Animal models have been valuable for exploring V. cholerae pathogenicity. Ligated rabbit ileal loops were used to demonstrate that cell-free supernatants from V. cholerae cultures contain an enterotoxic activity (now known to be CT) (De, 1959), however, this model circumvents the normal route of infection. Infant mice have been extremely useful for discovering genes that facilitate or are required for V. cholerae intestinal colonization (Ritchie and Waldor, 2009), such as those enabling production of TCP (Taylor et al., 1987; Herrington et al., 1988). However, one drawback of infant mice is that they do not develop overt diarrhea. In contrast, orogastric infection of cimetidene-treated infant rabbits with V. cholerae routinely leads to CT- and TCP-dependent cholera-like illness (Ritchie et al., 2010).
A central aim of studies of microbial pathogenesis is to understand how the host environment alters the global pattern of pathogen gene expression (Hsiao and Zhu, 2009). Both genetic and microarray-based high throughput approaches have been used to identify V. cholerae genes induced during infection (Merrell et al., 2002; Xu et al., 2003; Bina et al., 2003; Larocque et al., 2005). Genetic screens, which to date have relied on recombinase-based in vivo expression technology (RIVET), have been limited by bottle-necks in the host and a requirement that in vivo induced genes be transcriptionally silent in vitro, which hampered assessment of whether the TCP biosynthesis genes are induced in vivo (Lombardo et al., 2007). RIVET-based screens also do not allow for detection of genes that are transcriptionally silenced during infection. Fluorescent reporter based screens are useful for monitoring repression of gene expression in vivo but have been less useful in identifying in vivo induced genes (Hsiao et al., 2009). In contrast, microarray-based studies can detect both increases and decreases in gene expression during infection; however, microarrays usually do not contain complete representations of the genome (Merrell et al., 2002; Xu et al., 2003; Bina et al., 2003; Larocque et al., 2005). For example, all of the microarrays that have been used to analyze the V. cholerae transcriptome did not enable detection of non-coding RNAs. Furthermore, it is often difficult to compare microarray results that come from different laboratories as different approaches have been used to analyze data.

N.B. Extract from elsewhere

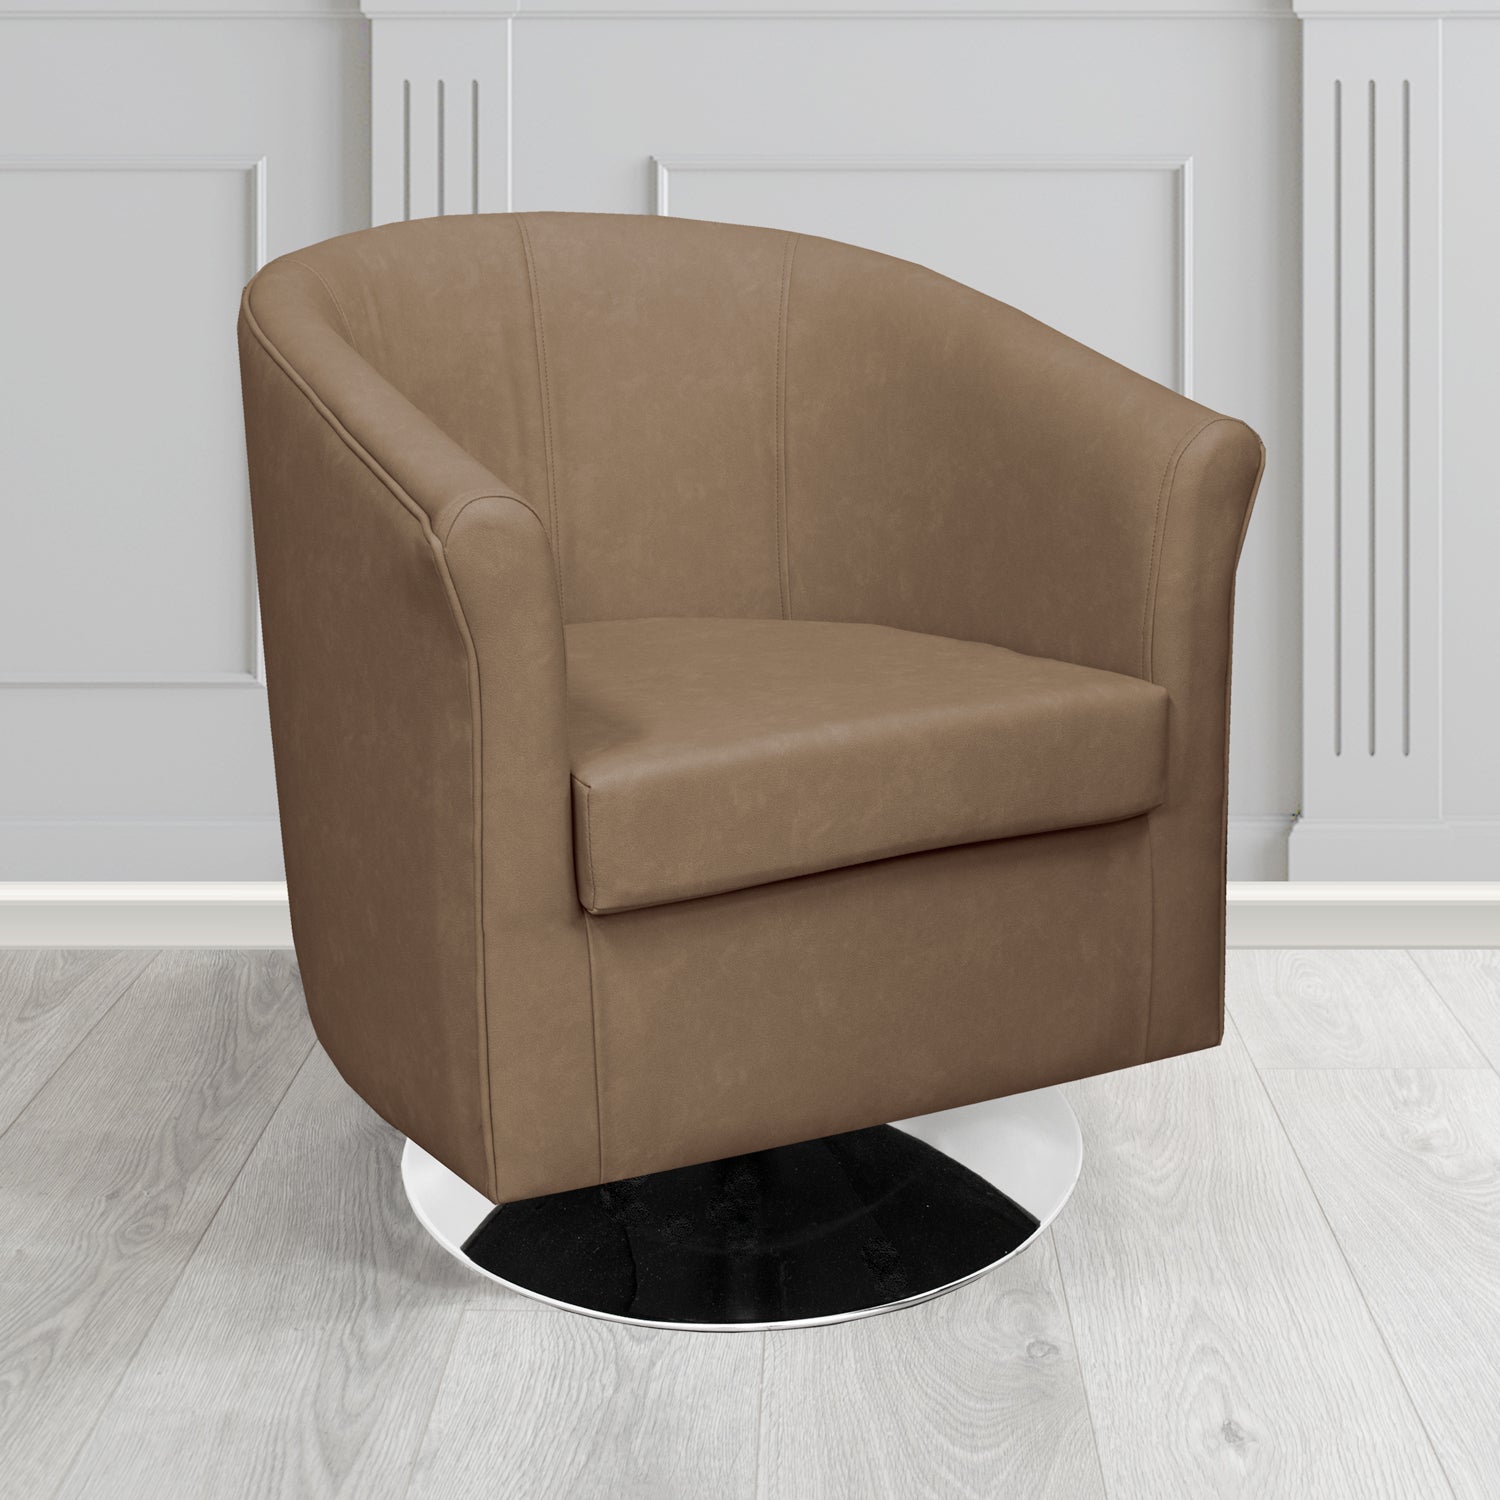 Tuscany Swivel Tub Chair in Infiniti Truffle INF1848 Antimicrobial Crib 5 Faux Leather - The Tub Chair Shop

The development of massively parallel cDNA sequencing (RNA-seq) techniques is enabling deeper and more accurate assessment of transcriptomes from eukaryotes (Ozsolak and Milos, 2011) as well as bacteria (van Vliet, 2010; Sorek and Cossart, 2010). In contrast to hybridization-based methods such as microarrays, RNA-seq allows for unbiased annotation-independent detection of transcripts, increased sensitivity, and higher resolution (Croucher and Thompson, 2010). In bacterial pathogens, RNA-seq studies have been used to comprehensively map transcription start sites and operon structures (Cho et al., 2009; Sharma et al, 2010) and discover sRNAs (Sittka et al, 2008; Liu et al, 2009; Cho et al., 2009; Sharma et al, 2010; Irnov et al, 2010; Weissenmayer et al, 2011). However, to date this technology has not been applied to investigation of the global patterns of pathogen gene expression during infection of a mammalian host.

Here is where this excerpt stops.